Why St. Neophytos the Recluse Wrote His "Hexaemeron" ("Six-Days of Creation")


In his introduction to his Interpretation of the Hexaemeron, St. Neophytos the Recluse (+ 1215) explains the following reason as to why he undertook this work:

It seems good to tell as to what caused me to reach the decision to write this book. When I was enlightened by some divine sunrise from above and I turned far away from the vanities of life, and my feet were led along the straight path and way of peace, so as to follow the monastic life, I secretly left my parents and my seven siblings, both male and female, and I arrived at a certain holy monastery. There it happened that I heard the prophetic words which say: "In the beginning God created heaven and earth," and all the words which follow these. And as I listened I was amazed because I had never heard these words before, for I was illiterate and did not even know the alphabet, being a child of eighteen years of age.

And I was in such amazement over these words that I heard and my soul came to love them so much, that I hoped others would read such things, and I wanted to understand their meaning, for besides "God created everything in the beginning and whatever He saw was good," I did not understand what anything meant. Nor did I want to ask anyone to explain it to me, but I kept this miracle secretly within my heart.

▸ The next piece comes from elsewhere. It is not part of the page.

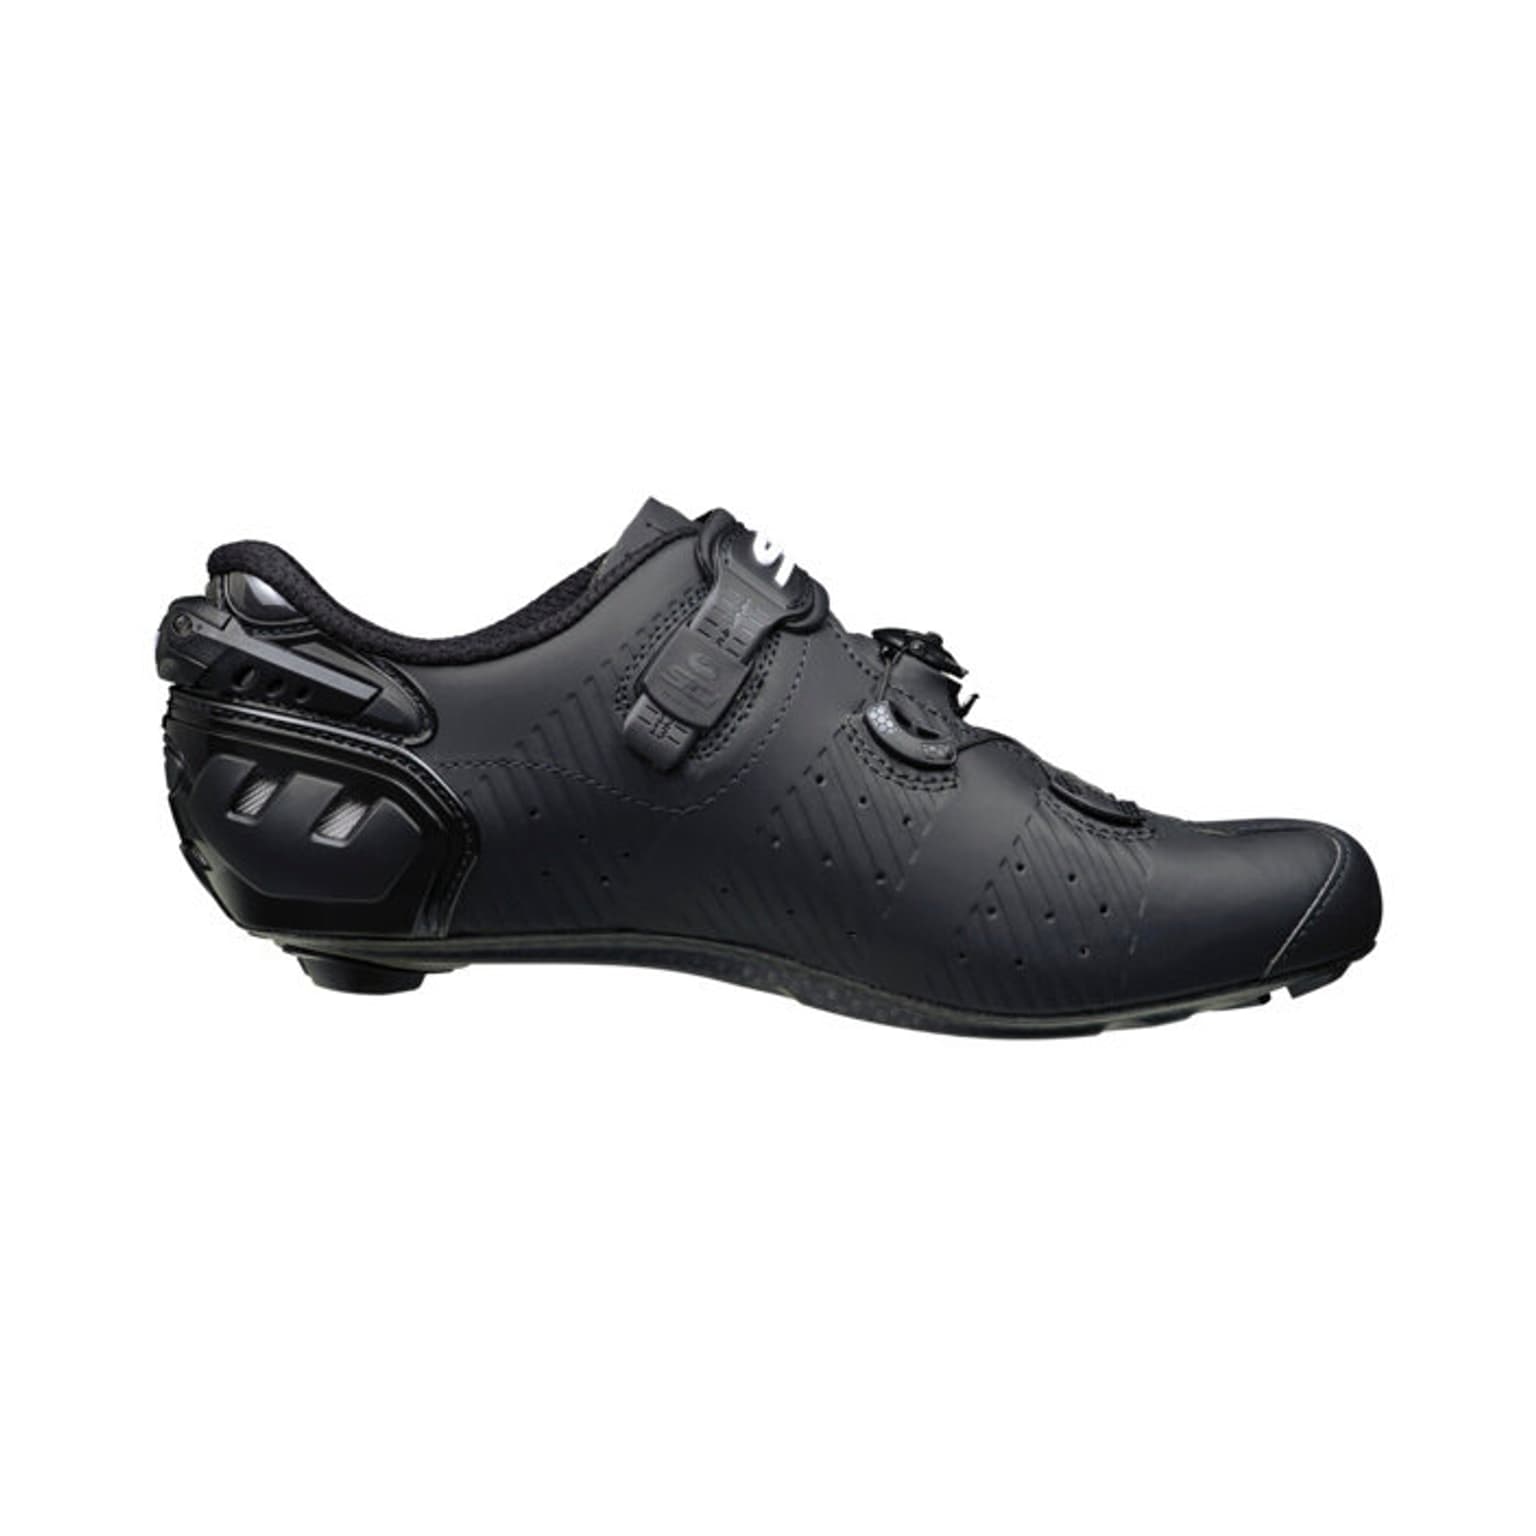 SIDI SIDI RR Wire 2S Carbon Chaussures de cyclisme noir 2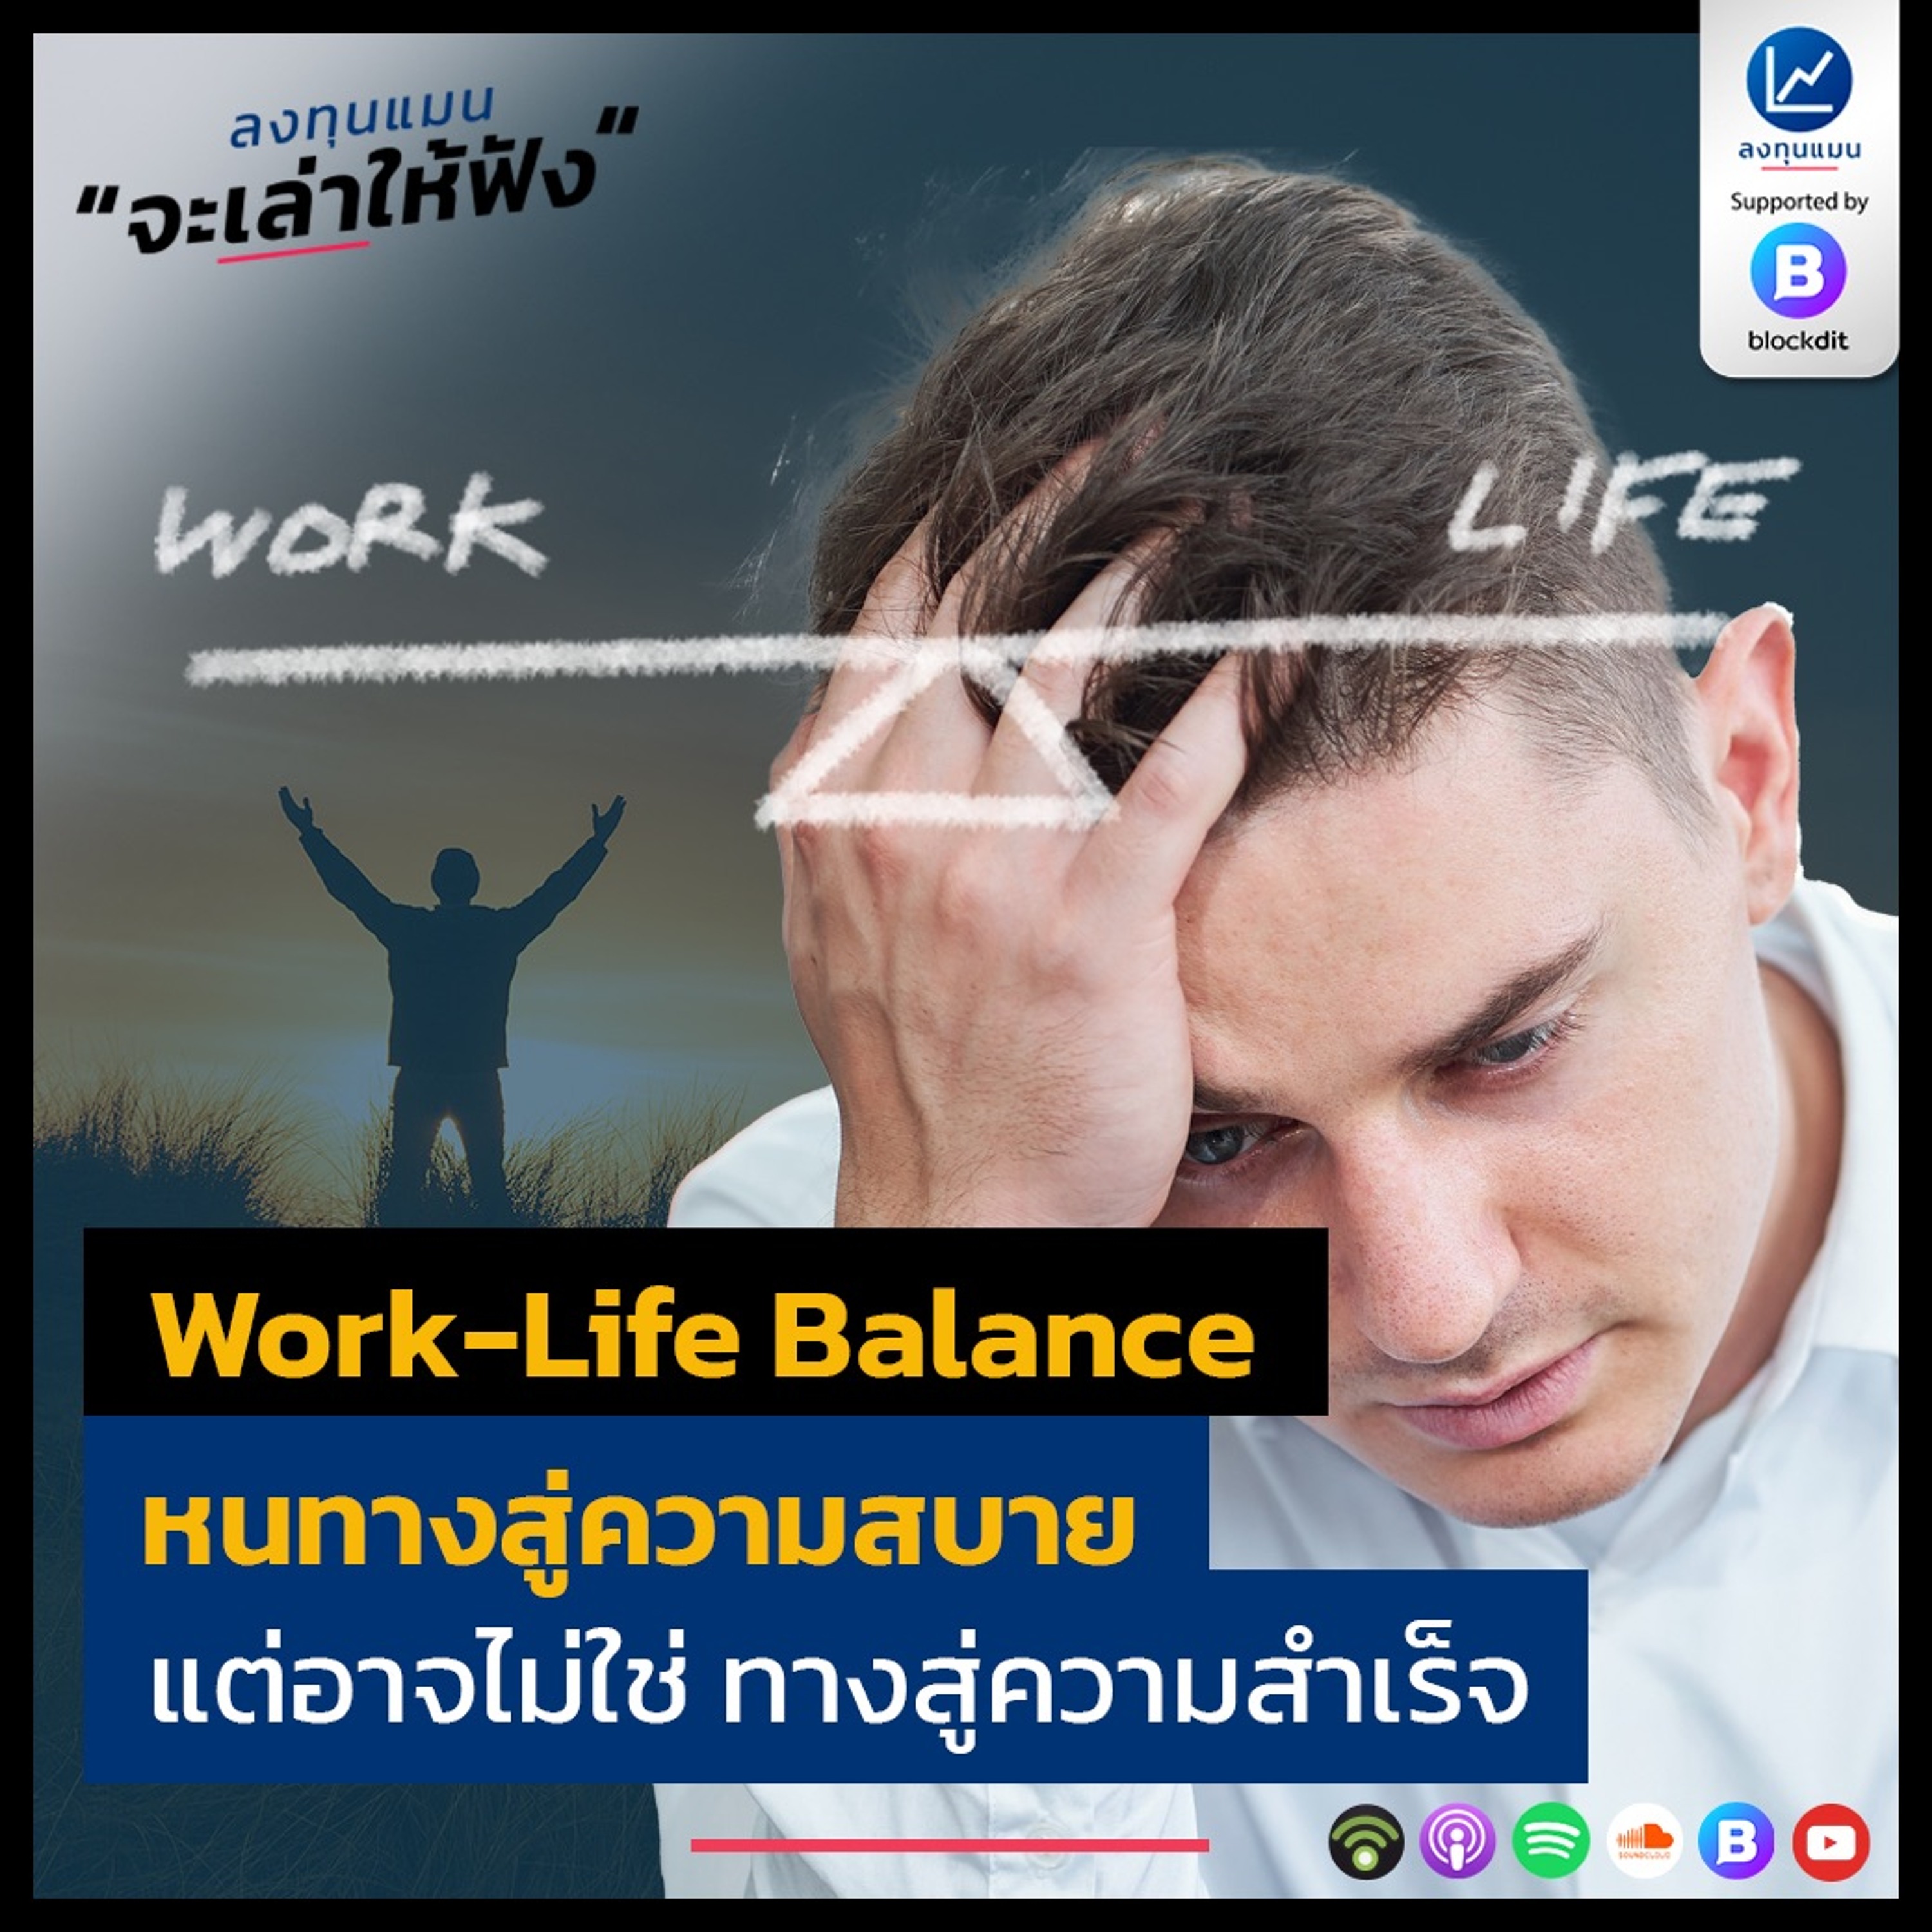 Work-Life Balance หนทางของความสบาย แต่อาจไม่ใช่ ทางสู่ความสำเร็จ

And it was as if the elders told me to prune the vine, that I undertook to learn certain letters with the help of God and the prayers the monks said night and day. The grace of God granted to me even more than this, so that I was able to learn the entire sacred Psalter. It was as if more divine illumination came to me to leave the noise of the coenobium, to go find quietude, and having found it, and I had in my memory the divine words I stated earlier, I searched to find out more about that prophetic book. And having found it, I memorized the entire thing with the help of God, and with the longing I had for all that it said. And I learned not only about the six day creation of the world, but all that it said about Paradise and the Fall, about the Flood and the destruction by fire, until Abraham the friend of God, and I was in great admiration over the divine words of Scripture.